The following sigmoid function by proposed Kumar [22] is used to change the contrast of the image after rescaling the gray scale image’s intensities to the range [0, 1], according to Tuan [23]:

newlm(x, y) = 1/(1 + egain∗(c−resIm(x,y)))

(2)

where gain determines the real contrast, newIm(x,y), proposed by Shakeel [24], represents the pixel’s value after the sigmoid function has been applied to the picture. The value of the pixel (x, y) in the image before the sigmoid function was applied is represented by resIm(x, y) by Sund [25], and c is the (normalized) gray value about which contrast is increased or lowered. An image before processing can be found in Figure 2 below.

3.3. Image Augmentation

Three thousand seven hundred dental images were finally selected and resized to 300 x 300 pixels. We divided the dataset into a training and validation test (n = 2960 [80%]), and a test dataset (n = 740 [20%]).
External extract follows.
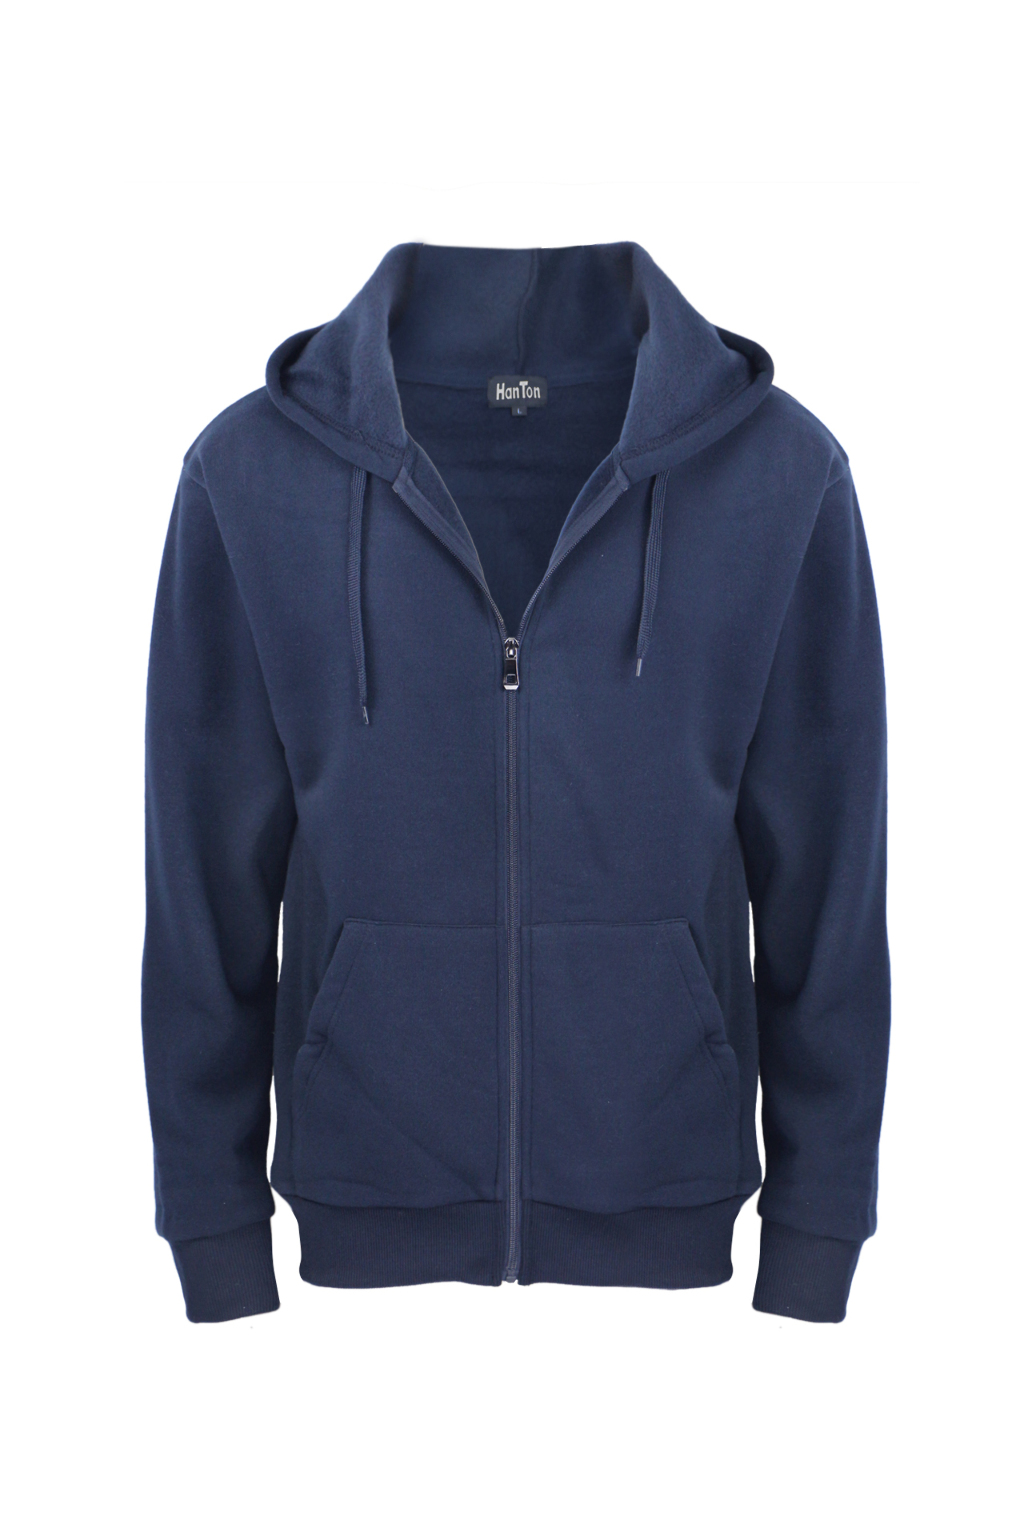 Wholesale Men's Zipper Fleece Hoodie - Navy, S - XL (SKU 2342312 ...

The training dataset consists of 70 dental caries, and the test dataset contains 28. Because of the unbalanced image number distribution between caries, normal, and filled images in the training dataset (normal: caries: Filled = 2267: 70: 623). We applied three different augmentation schemas to the training dataset.

In the first schema, we augmented all three categories five times. In the second schema, was augmented “Normal” and “Filled” categories five times and “Caries” fifteen times. In the last schema, we augmented “Caries” twenty times, “Normal” five times, and “Filled” ten times. We used the python package “imgaug” to conduct the augmentation operation. “Imgaug” generated a random augmentation operation sequence. The operation sequence includes upscale or downscale, rotating between -15 to +15 degrees, image shifting, image flip, changing image brightness, adding Gaussian noise, and adding Gaussian blur. A sample image after augmentation is provided in Figure 3 below.

Comparing with Figure 2, images before preprocessing, we see the teeth images become brighter than the surrounding pixel point, while the surrounding pixel point become darker, which can be helpful for the feature extraction process.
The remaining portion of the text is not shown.